A campanha de Gabriel Azevedo ao Governo de Minas Gerais estreou sua arrecadação oficial recebendo recursos privados. O candidato do MDB contabilizou 300 mil reais vindos de apenas dois doadores. Os financiadores ocupam cargos de liderança em dois grupos empresariais influentes do estado.
A prestação de contas entregue à Justiça Eleitoral revela a origem do dinheiro. Ricardo Annes Guimarães transferiu 200 mil reais para o candidato, quantia que equivale a dois terços de toda a receita declarada até o momento. O empresário Lucas Felipe Melo Couto enviou os 100 mil reais restantes para completar o orçamento da chapa.
A movimentação mostra a entrada de núcleos econômicos de peso no financiamento da candidatura. Lucas Couto atua no mercado imobiliário e ocupa a diretoria executiva comercial e de marketing da Patrimar Engenharia, uma grande incorporadora mineira. O executivo também participa da administração da construtora Novolar, focada nos segmentos habitacionais mais econômicos.
Ricardo Guimarães tem sua trajetória ligada ao setor financeiro. O empresário acumulou décadas de trabalho no Banco BMG, instituição que comandou como diretor executivo principal entre 2004 e 2013. Atualmente, ele exerce a vice presidência do conselho de administração do banco, tendo sido reeleito em abril de 2026. Guimarães também preside o conselho deliberativo do Atlético Mineiro.
Expansão imobiliária e regras eleitorais
A contribuição do diretor da Patrimar ocorre durante uma fase de expansão da incorporadora.
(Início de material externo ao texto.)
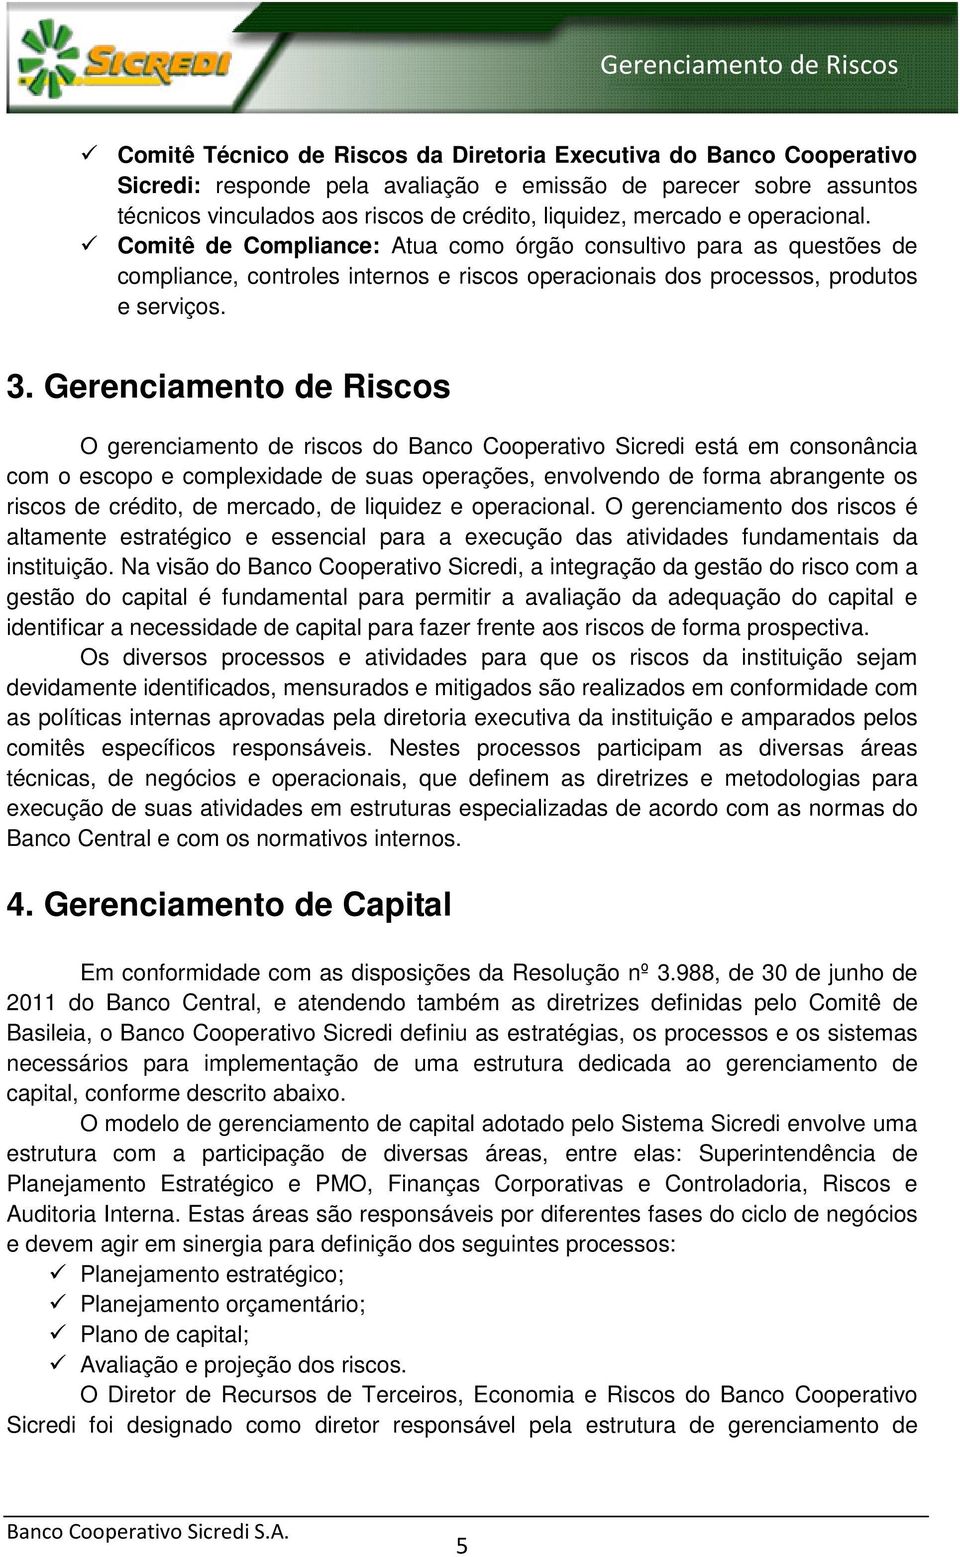 Gerenciamento de Riscos O gerenciamento de riscos do Banco Cooperativo Sicredi está em consonância com o escopo e complexidade de suas operações, envolvendo de forma abrangente os riscos de crédito,

O grupo registrou 546 milhões de reais em vendas líquidas no segundo trimestre de 2026, com forte crescimento anual. A empresa constrói projetos nos mercados de Minas, São Paulo e Rio de Janeiro.
A doação ocorreu por meio da pessoa física de Lucas, e não através do caixa corporativo da Patrimar. Como a justiça proibiu o financiamento empresarial em 2015, executivos precisam usar verbas próprias quando decidem apoiar candidatos.
Histórico de doações e limite de gastos
Ricardo Guimarães possui um histórico de participação no xadrez eleitoral de Belo Horizonte. Na disputa municipal de 2024, ele figurou entre os maiores doadores privados do país na reta inicial das campanhas. Registros oficias mostram que o banqueiro destinou recursos para Bruno Engler e Ciro Pereira naquele ano.
O apoio a Gabriel Azevedo demonstra que o financiamento privado não significa alinhamento político permanente. A lei autoriza que doadores contribuam com candidatos de campos adversários, desde que respeitem as regras estipuladas pela Receita Federal.
O montante arrecadado altera o quadro contábil do candidato na corrida eleitoral. Na semana anterior, levantamentos mostravam a campanha sem recursos declarados, enquanto concorrentes diretos como Alexandre Kalil e Patrus Ananias já movimentavam fatias milionárias repassadas por seus partidos.
O teto fixado pela Justiça para a disputa ao Governo no primeiro turno é de quase 18 milhões de reais. O valor inicial representa uma fração mínima desse limite. No entanto, o depósito sinaliza a captação privada de um candidato em chapa pura que ainda aguarda o repasse de verbas da direção nacional da sigla.